The second-biggest metals miner on Earth expects demand for aluminium to continue its upward arc, and much of the fuel propelling it will come in the form of aluminium beverage cans produced in the Middle Kingdom.
CEO of Rio Tinto Group’s aluminium unit Alf Barrios told Bloomberg in an interview yesterday that the increased adoption of aluminium cans by beer and soft drink producers in the People’s Republic of China is expected to be a significant driver in aluminium demand in the coming years.
“In the packaging sector, especially around soft drinks and beer in China, we’re seeing a shift from glass to aluminum,” he explained.
Rio Tinto expects to see a 4-percent uptick in aluminium demand each year for the next five years thanks to other factors as well, including an increase in vehicle lightweighting. That number may be conservative, however, as Barrios indicated that it does not factor in the increasing popularity of electric vehicles, as they typically require more aluminium than standard combustion-engine vehicles.

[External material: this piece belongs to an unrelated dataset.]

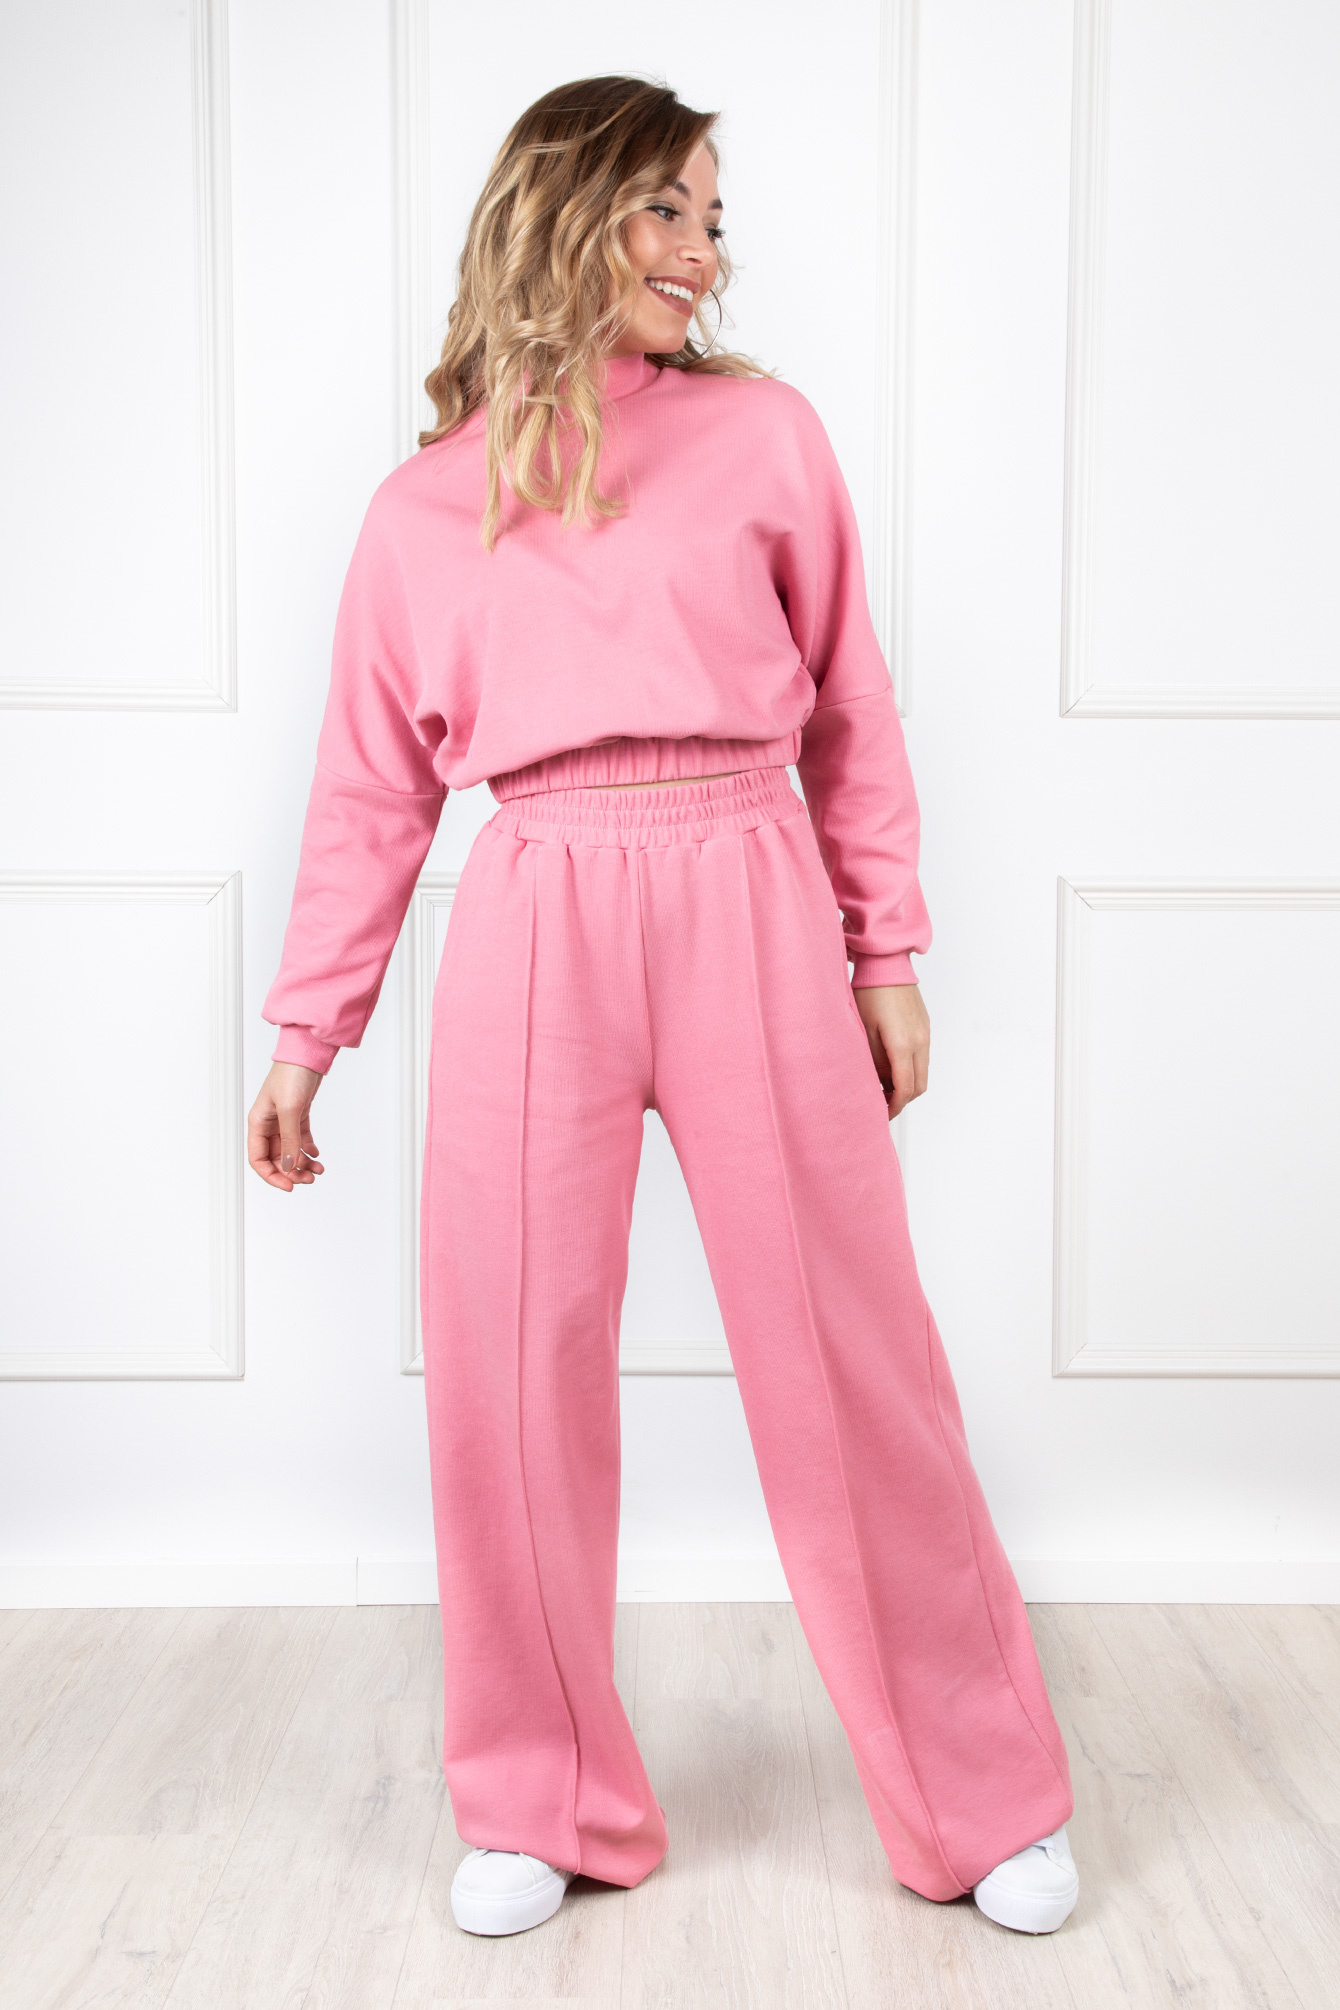 Met opzet wasserette Tegenover Huispak Emily pink I 2 piece comfy pink - Famous Store

The firm, which reaps over a quarter of its overall revenue from the metal, anticipates global consumption of refined aluminium to grow in the near term as well, forecasting growth rates of between 3 and 4 percent for the next two years. Citigroup Inc. analysts view China’s production cuts as “as a long-term game changer” that will lead to a rise in prices which will, in turn, encourage increased capacity in other areas of the world.
According to Barrios, Beijing’s cuts mean “the rest of the world, where demand is also growing, will have to supply itself with aluminum in future.”
“Until now, the thinking was that China would be a net exporter, and all that growth would come from China, that’s where the change is, that view is now different,” he concluded.